Claypool raised more campaign funds than every other candidate in 2005, ending the first half of the year with over $900,000. Most pundits agreed that the Democratic primary was the real election, as Cook County is one of the most Democratic counties in the entire nation. Claypool won the support of many newspapers, including the Chicago Tribune, the Chicago Sun-Times, Crain's Chicago Business, the Daily Herald, the Daily Southtown, and others. In addition, he was endorsed by Rep. Rahm Emanuel and Lt. Gov. Pat Quinn.

Despite the endorsements, and the fact that Stroger suffered a stroke a week before, Claypool still lost to Stroger in the primary. The Cook County Democratic Party appointed Stroger's son Todd Stroger as the nominee to run against Tony Peraica in the general election. Todd Stroger won the election. Claypool refused to endorse Stroger and was chastised heavily by Democratic politicians and stalwarts including Mayor Daley.

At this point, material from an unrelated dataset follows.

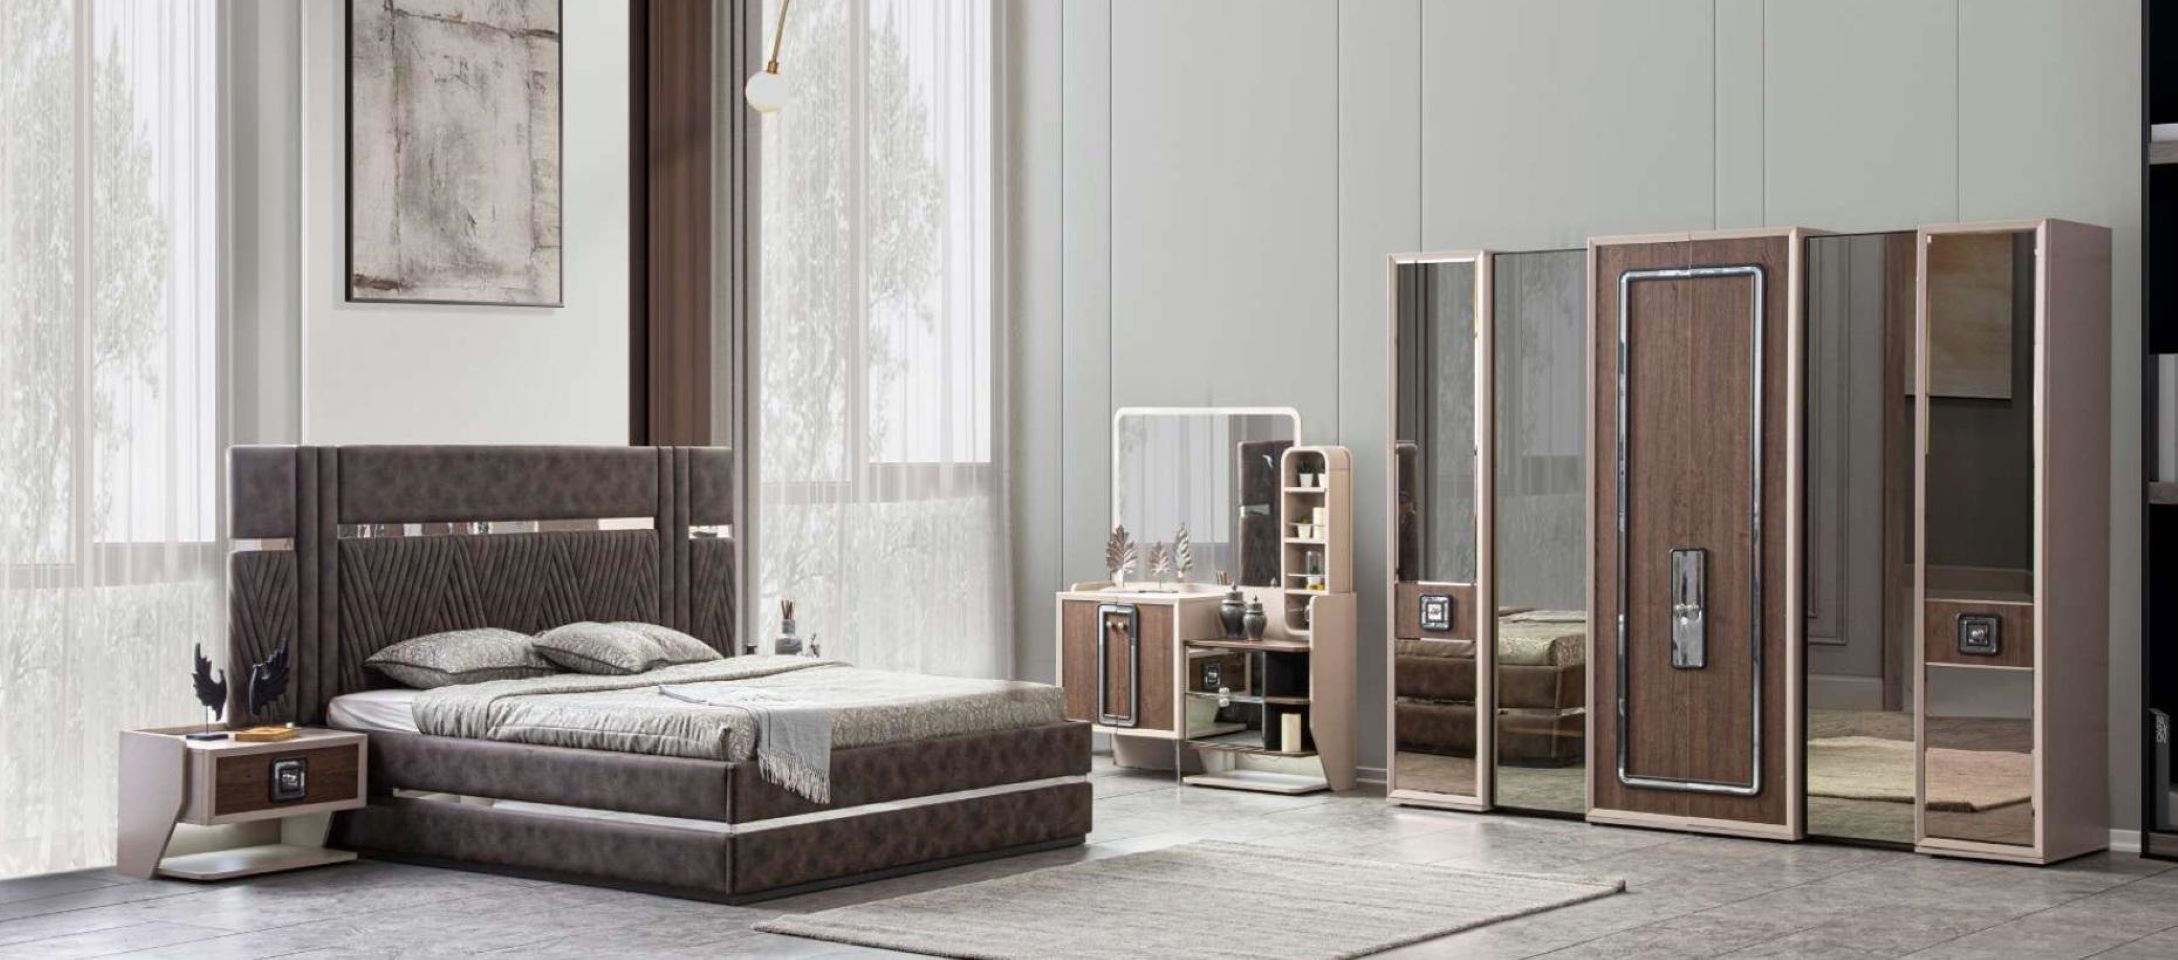 JVmoebel Schlafzimmer-Set Modern Bett 2x Nachttische 5tlg Schlafzimmer Design Luxus Möbel Neu, (5-St., Bett + 2x Nachttische + Kleiderschrank + Schminktisch), Made in Europe | Komplett-Jugendzimmer

==County Assessor election==

On Tuesday, April 6, 2010, Claypool announced he would enter the Cook County Assessor election as an independent candidate. He officially qualified to be entered onto the general election ballot on June 28, after collecting more than three times the number of voter signatures required for independent candidates seeking office in Illinois. Claypool ran against Democrat Joseph Berrios, Green Robert Grota and Republican Sharon Strobeck-Eckersall. He was the first independent candidate to run in the history of the Cook County Assessor's office. Berrios won the race with 47.9 percent of the vote, against 31.8 percent for Claypool, 17.7 percent for Strobeck-Eckersall, and 2.6 percent for Grota.

==Post-electoral government career==
On Tuesday, April 19, 2011, Chicago Mayor Rahm Emanuel—a longtime political ally of Claypool—appointed him president of the Chicago Transit Authority Claypool was named Chief of Staff to mayor Rahm Emanuel in April 2015.

===CEO of Chicago Public Schools===
Mayor Rahm Emanuel announced on July 16, 2015, that Claypool would assume the role of chief executive officer of Chicago Public Schools on July 27, 2015. His appointment, affective July 27, was formally approved by the Chicago Board of Education on July 22. Claypool resigned as CEO on December 8, 2017, after the school district's inspector general accused him of engineering a "full-blown cover-up" during an ethics investigation concerning the school system's chief attorney.